#### [Exercise requirements]
Leaving the pictures aside, reproduce the data in full and word for word.

#### [Data segment]
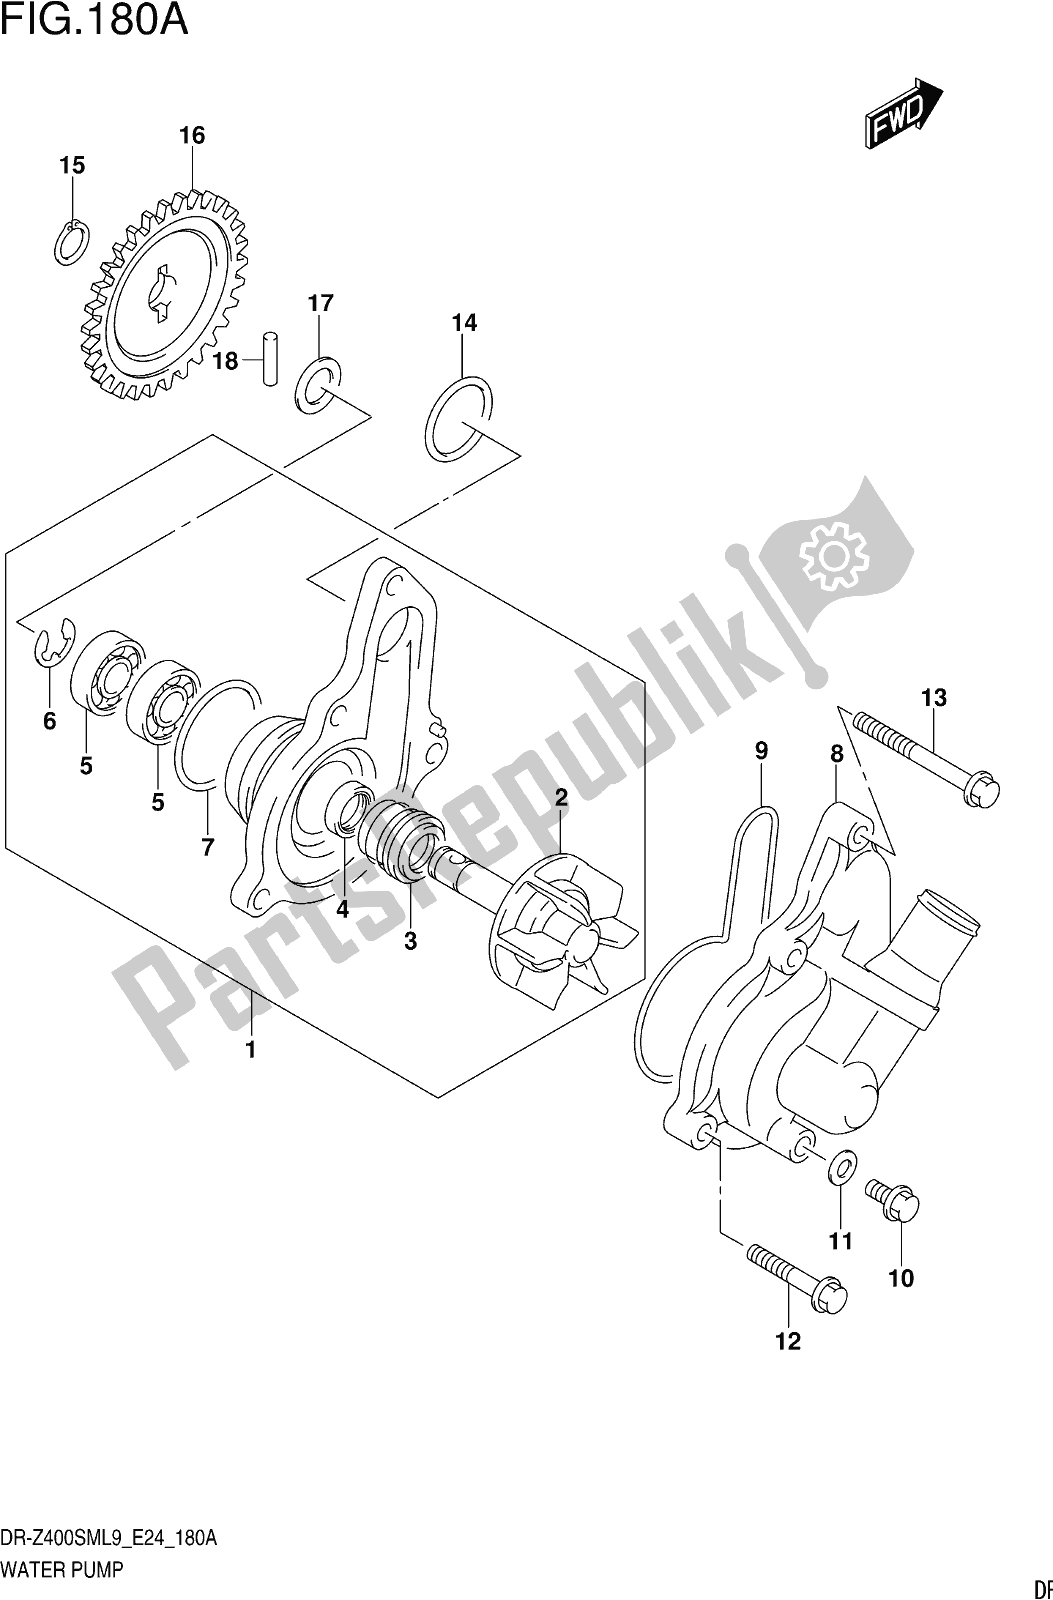 All parts for the Fig. 180a Water Pump of the Suzuki DR-Z 400 SM 2019
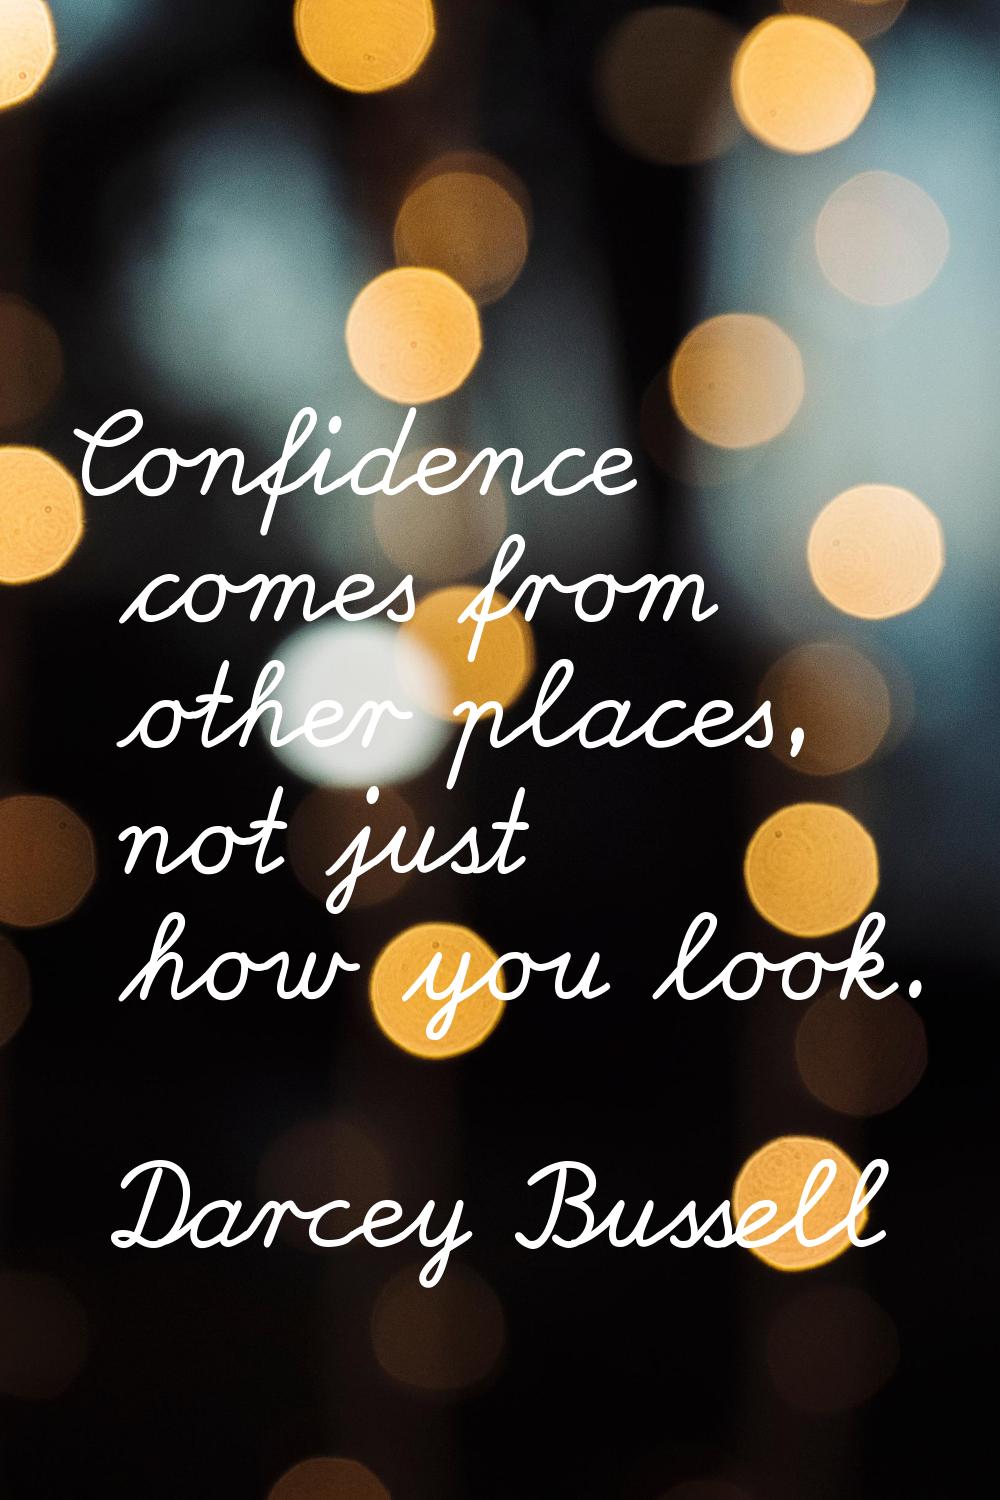 Confidence comes from other places, not just how you look.
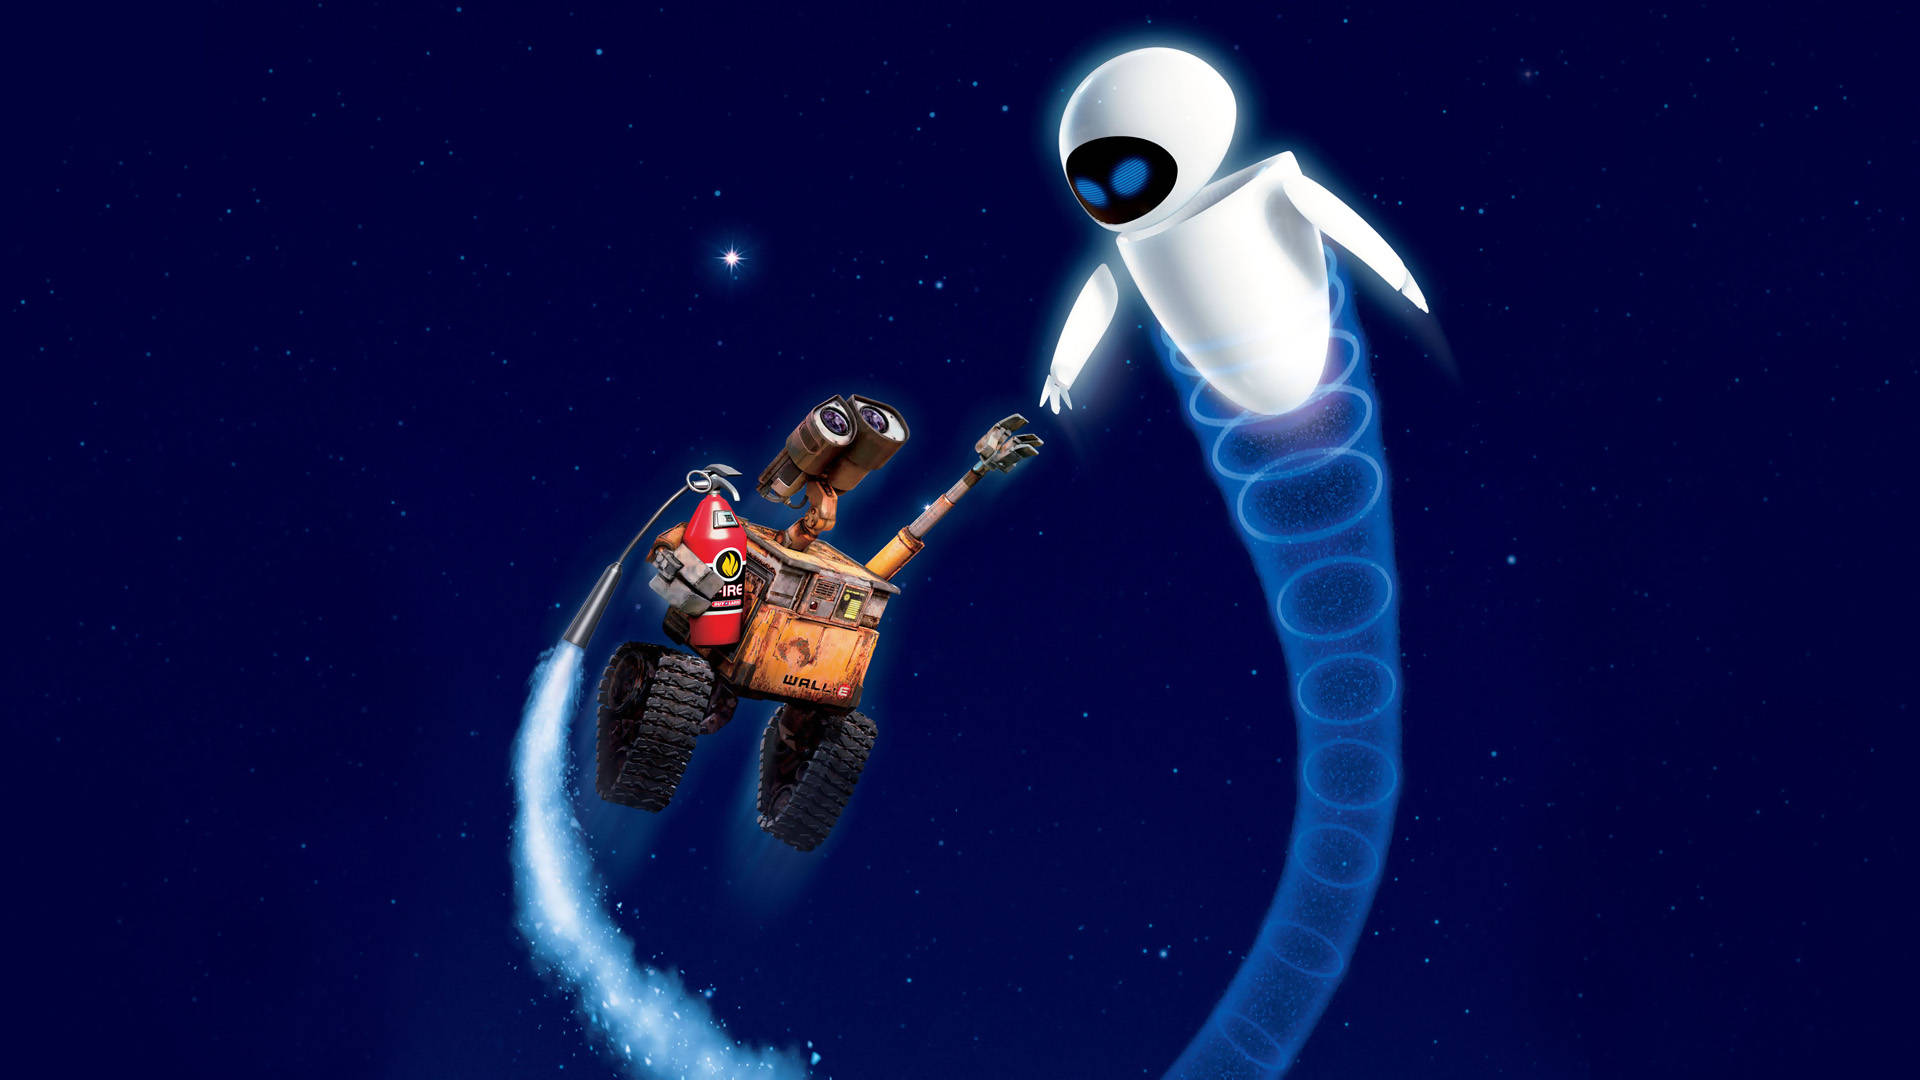 Wall E And Eve In The Galaxy

#### [Exercise answer]
 All parts for the Fig. 180a Water Pump of the Suzuki DR-Z 400 SM 2019
 Confidence comes from other places, not just how you look.
 Wall E And Eve In The Galaxy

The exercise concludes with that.